1.2.1. Translation-Based Models

In recent years, great progress has been made in the representation learning of KGs [15,16,17,18], and many models are based on translation operations. TransE [10] is the most classic and representative translation-based model. TransE first projects both entities and relationships into the same continuous low-dimensional vector space as $h,r,t\in R^s$. The key operation of TransE is then to translate the semantics from head entities to tail entities by relationships. TransE believes that the tail t should be in the neighborhood of $h+r$; that is, $h+r\approx t$ when triple $(h,r,t)$ holds. Hence, the energy function is $E(h,r,t)=∥h+r-t∥$. TransE is effective and simple for 1-to-1 relationships but has issues for modeling 1-to-N, N-to-1, and N-to-N relationships.

Some researchers have made efforts to solve the problem of the representation of complex relationships. TransH [11] interprets relations as translating operations on relation-specific hyper-planes, and projects h and r to the relation-specific hyper-plane. In this way, different embedded representations of entities are realized when the entities correspond to different relationships. TransR [12] first models entities and relationships in independent entity space and relationship space, and then maps entities from entity space to relationship-specific space. STransE [19] puts the head and tail entities in different spaces on the basis of TransR. TransRHS [20] considers the inherent generalization relationships among relations. However, these models only focus on the relationship between triples and ignore the rich information carried in the triples, which will be applied in our model TRKRL.

1.2.2. Multi-Source Information Learning Models

Multi-source information refers to textual information, type information, and logical information that can complete the triple structure. In terms of text information, Socher et al. [14] proposed representing the entity as the average value of its word embeddings in the entity name, so as to share the textual information of similar entities. Based on the entity name and Wikipedia anchor, Wang et al. [11] and Zhong et al. [21] encode entities and words into the joint vector space. DKRL [22] explores two encoders to represent the semantics of entity descriptions, and considers the zero-shot scenario, in which some entities are novel compared to existing KGs with only descriptions.

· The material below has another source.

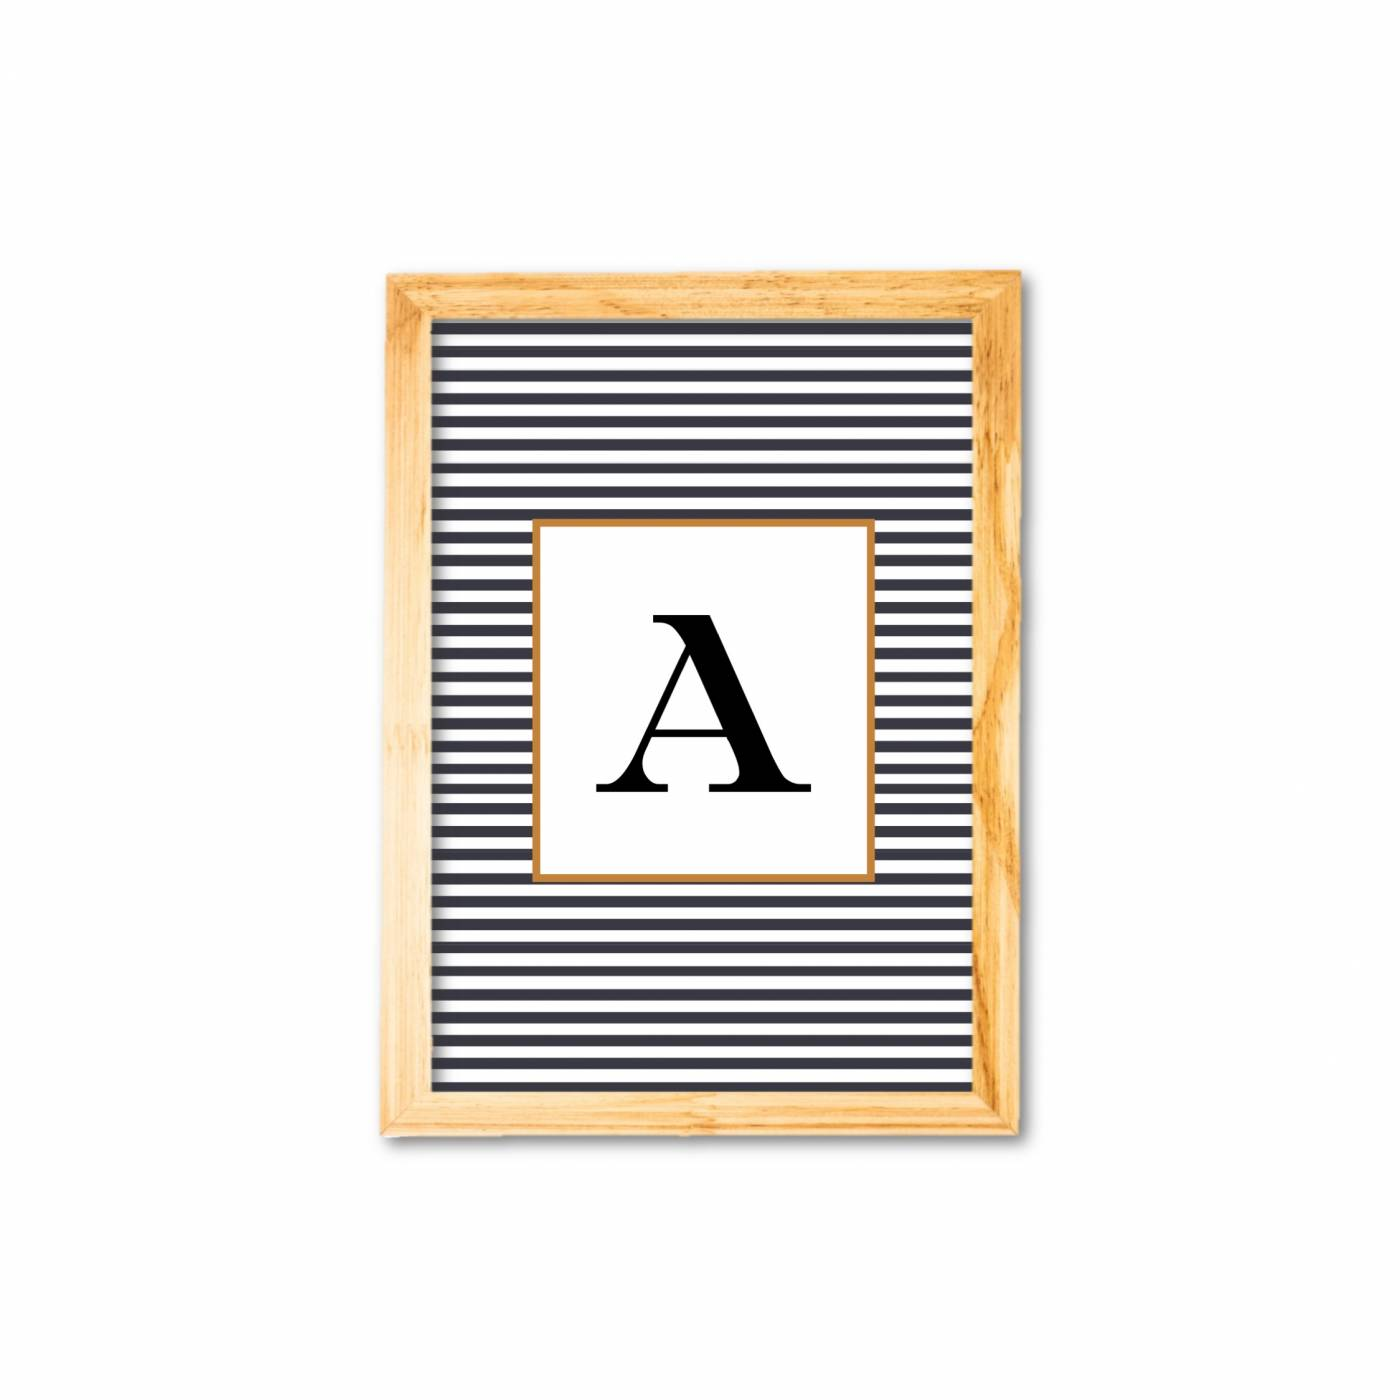 Letras listras (personalizado)
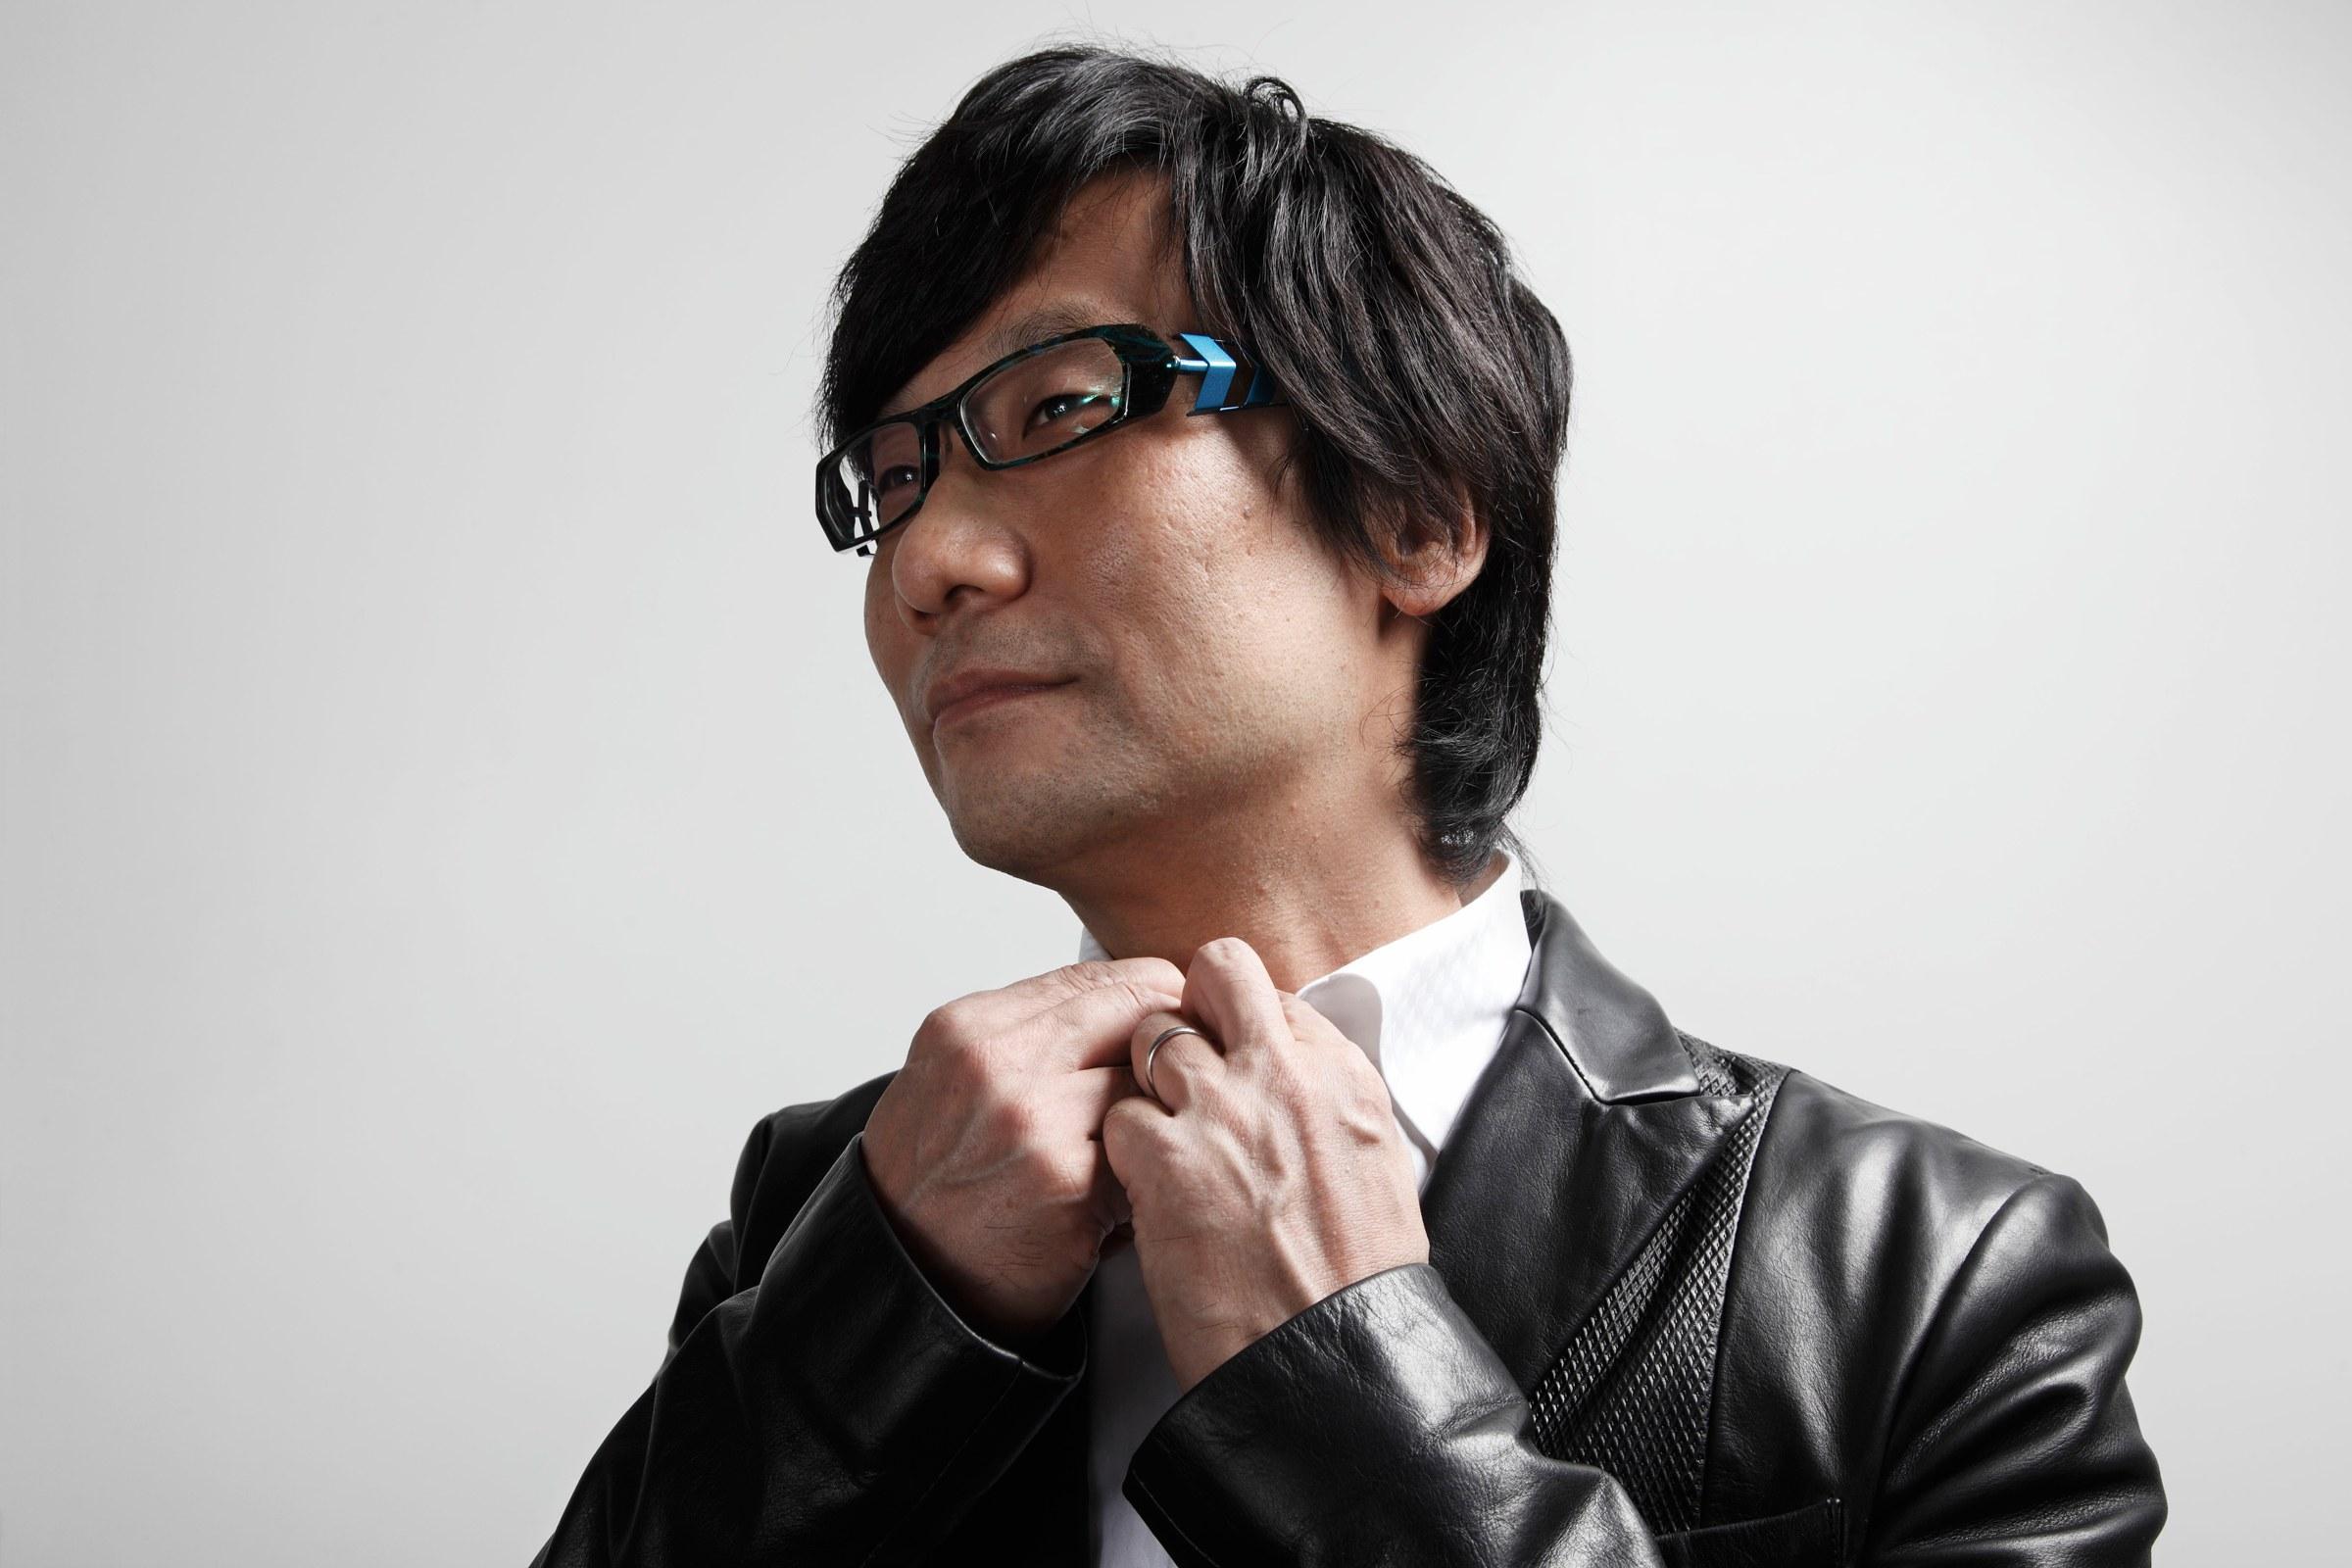 Guillermo del Toro presentará a Hideo Kojima en el 'Salón de la Fama' DICE 2016 Metal_gear_solid_5-3217366

Hierarchical entity types information and logic rules information are also significant for KGs. Krompaß et al. [8] propose that the entity types comprise a hard constraint in the KG latent variable model. In order to realize the explicit coding of type information, Xie et al. [23] proposed the TKRL. TKRL considers the hierarchical structure of entity types and solves the problems of noise and incomplete types in hard constraints. The interpretability of logic rules enhances the interpretability of representation learning. For instance, Minervini et al. [24] simply impose equivalence and reversal constraints on relational embedding; Ruge [25] converts triples into complex formulas formed by atoms with logical connectives; Niu et al. [26] explicitly use Horn rules to derive path embeddings and create semantic associations between relationships. However, none of these approaches can simultaneously apply structured information, hierarchical types information, and logic rules information in the representation learning of the SG. The model TRKRL proposed in this paper performs well in fusing multi-source information and improves the interpretability and generalization of representation learning on the KG.

2. Methodology

2.1. Extraction of Hierarchical Type Information

The fact that the same entity has different meanings at different levels of a scenario is important for the learning of representations in the KG. However, most previous research pays less attention to the rich information located in hierarchical types of entities. Figure 1 shows a triple instance; Isaac Newton has a variety of types (e.g., book/author, physical/physicist, and British/celebrity). It is, therefore, reasonable to believe that each entity should be represented differently in different scenarios, as a reflection of itself from different perspectives. Take the example of a hierarchy type g with m layers, where $g^{\left(i\right)}$ is the ith sub-type of g. Each sub-type $g^{\left(i\right)}$ has only one parent sub-type $g^{(i+1)}$, while the most precise sub-type is the first layer, and the most general sub-type is the last. Going through the hierarchy from the bottom-up, we can obtain a representation of the hierarchical type as $g=\left\{g^{\left(1\right)},g^{\left(2\right)},\dots ,g^{\left(i\right)}\right\}$. We assign the type-specific projection matrix $W_g$ to each type g, and the head h and tail t of this relation are then represented in the projection under the particular types as $g_{rh}$ and $g_{rt}$, respectively. The energy function is defined as follows:

$$E\left(h,r,t\right)=∥W_{rh}h+r-W_{rt}t∥,$$

(1)

in which $W_{rh}$ and $W_{rt}$ are different projection matrices for h and t, respectively.

2.1.1. Type Encoder

We use a general form of type encoder to encode hierarchical type information into the representation learning. In the general form of a KG, most entities have more than one type, so the projection matrix $W_e$ for entity e is a weighted sum of all type matrices:

$$W_e=a_1{W}_{g_1}+a_2{W}_{g_2}+\cdots +a_n{W}_{g_n},$$

(2)

where n is the number of types entity that e has, $a_i$ is the weight for $g_i$, $g_i$ is the ith type that e belongs to, and $W_{g_i}$ represents the projection matrix of $g_i$. The weights can be set according to statistical characteristics, such as type frequency. With this operation, all projection matrices of entity e are the same in different scenes.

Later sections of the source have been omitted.